建物倒壊での死者は、姫路市で368人、たつの市で63人、加東市で38人、宍粟市(しそう)で10など、建物倒壊が多い都市部に集中します。

このように、山崎断層帯地震は、断層から離れた播磨地方の、都市部を遅う地震と言えます。

山崎断層帯付近の過去の地震

歴史時代の大地震として、播磨地方に、大きな被害をもたらした大地震は、868年(貞観10年)8月3日の、播磨国地震(M7+)とされています。

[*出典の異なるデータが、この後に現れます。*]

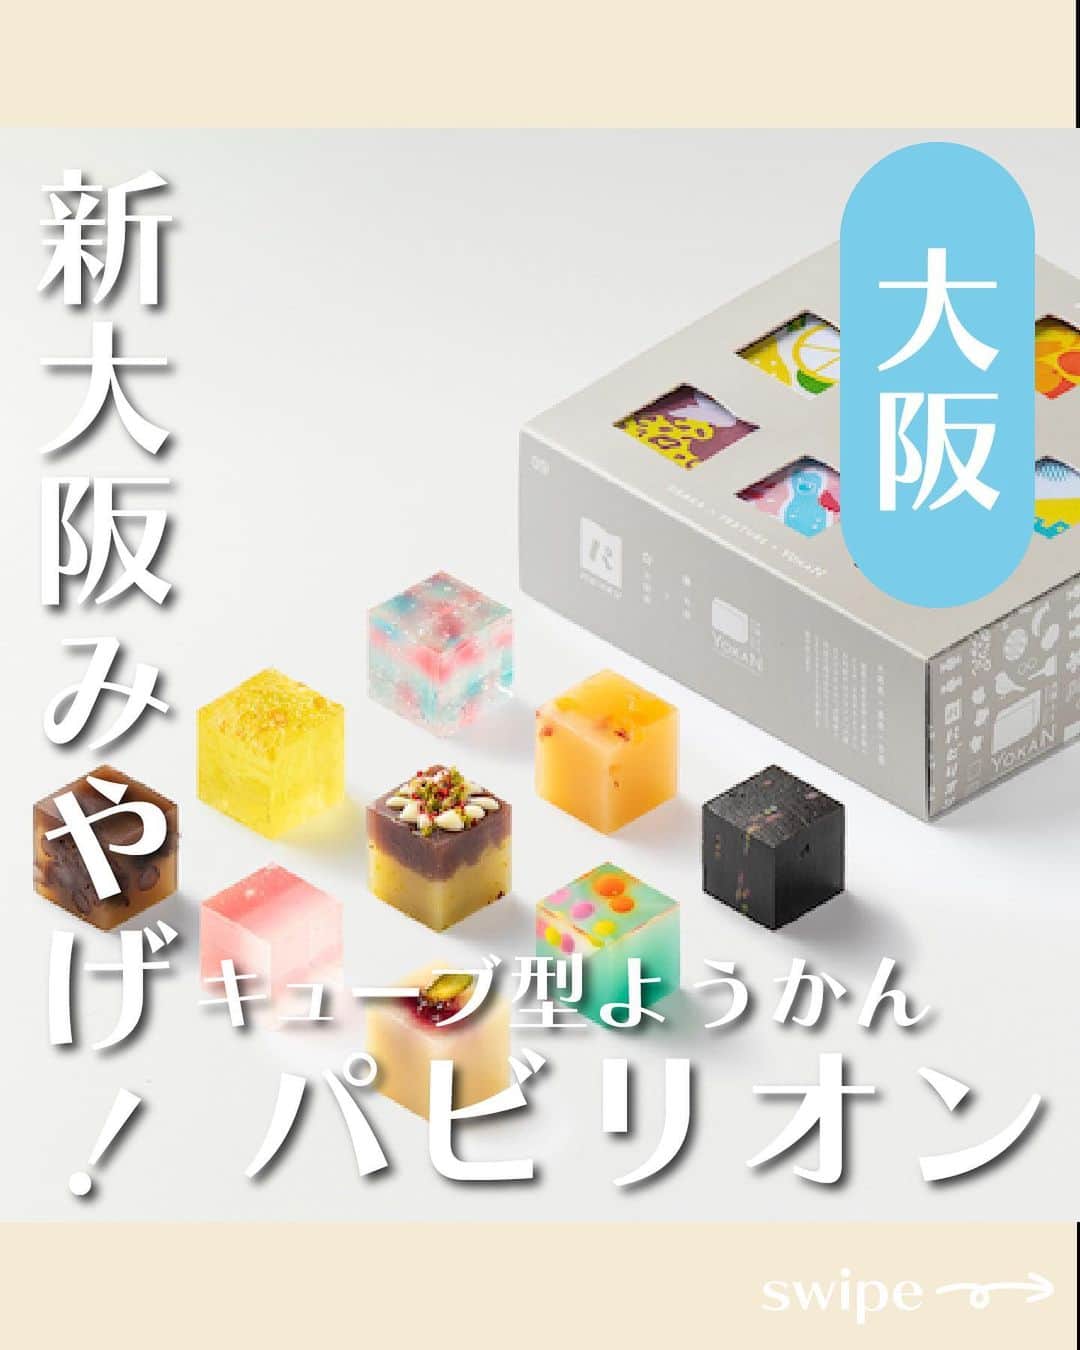 UWASAのインスタグラム：「＼万博に向けた新しい大阪土産が登場！／  「パビリオン」とは、2025年の大阪・関西万博を見据えて 菓子職人が共創し新しい大阪土産を作り出すプロジェクト「大阪ええYOKAN」の第一弾商品です！  万博内の「パビリオン」に見立てた、キューブ型のひとくちようかんで、見た目も楽しい一品✨  「9個入りセット」「3個入りセット」「オリジナル風呂敷」があり、夏休みの旅行やお盆の帰省のお手土産にぴったりです！  8月9日（水）～ 15日（火）、大丸梅田店地下1階「お菓子なパレード」にて、期間限定で販売なので、ぜひ期間中に足を運んでみてください😌  ※PRTIMESより引用  <<✏️=========================>> グルメに関する素敵なお写真を 厳選してご紹介しています📷🌈 @joshime_gourmet or #joshime をタグ付けしてね👀🎉 <<=========================📖>>  #JOSHIME #ジョシメ ##阪急梅田本店#大丸梅田店 #催事 #あたらしい大阪みやげ #大阪みやげ #大阪土産 #ようかん #羊羹 #大阪ええYOKAN #パビリオン #大阪関西万博 #髙山堂 #あん庵 #吉乃屋松原#大阪本家駿河屋 #福壽堂秀信 #本まつばや #大阪緑涼高等学校 #株式会社人間 #茨木旬菓庵蔦屋#カグノミ堂#お多福堂」

しかし、残念ながら、この地震に関する資料は、ほとんどありません。

わずかに「三大実録」に記録されています。

日本三大実録とは、清和,陽成,光孝天皇三代の編年体の正史。略して『三代実録』ともいう。六国史の一つ。 50巻。宇多天皇の勅令によって寛平4 (892) 年編纂に着手,延喜1 (901) 年完成。源能有,藤原時平,菅原道真,大蔵善行,三統理平 (みむねのまさひら) らの編。天安2 (858) ~仁和3 (887) 年までを扱う。六国史のうち最も整っている。従来の正史では省略されていた上表文や恒例の年中行事も収め,伝記を掲げる人物の対象範囲を広げている。現在伝わっている本文は,『類聚国史』『日本紀略』『扶桑略記』に引用されている本文に比べると,省略や脱落が少くない。『国史大系』所収。【コトバンクから引用】

震央は播磨の国府で、姫路市中心から、およそ10キロメートルの姫路・加古川・高砂3市の接合点付近と一応定め、山崎断層帯の活動による地震と推定されます。

なお、通史編にて、1818年(文化15年)に、<震障り余程>や<大障り>があったなど、地震被害について触れており、山崎から安志谷にかけて、地震(安富断層地震)のあったことを報告しています。

その前の活動は、3400年以降、2900年以前であり、1回のずれ量はおよそ2メートルであり、平均的な活動間隔は、1800~2300年であると、最新の研究から推定されます。

なお、山崎断層帯沿いでは、現在でも、小規模から中規模の地震が多発しており、特に、1984年5月30日の地震は、姫路でも震度4を記録し、地域の人々を驚かせました。

この地震は、山崎断層帯の、暮坂峠断層付近の深さ、14~19キロメートルで発生したもので、余震が35回も生じました。

なお、山崎断層帯沿いでは、阪神淡路大震災(兵庫県南部地震)にも、微小地震の活動が増えました。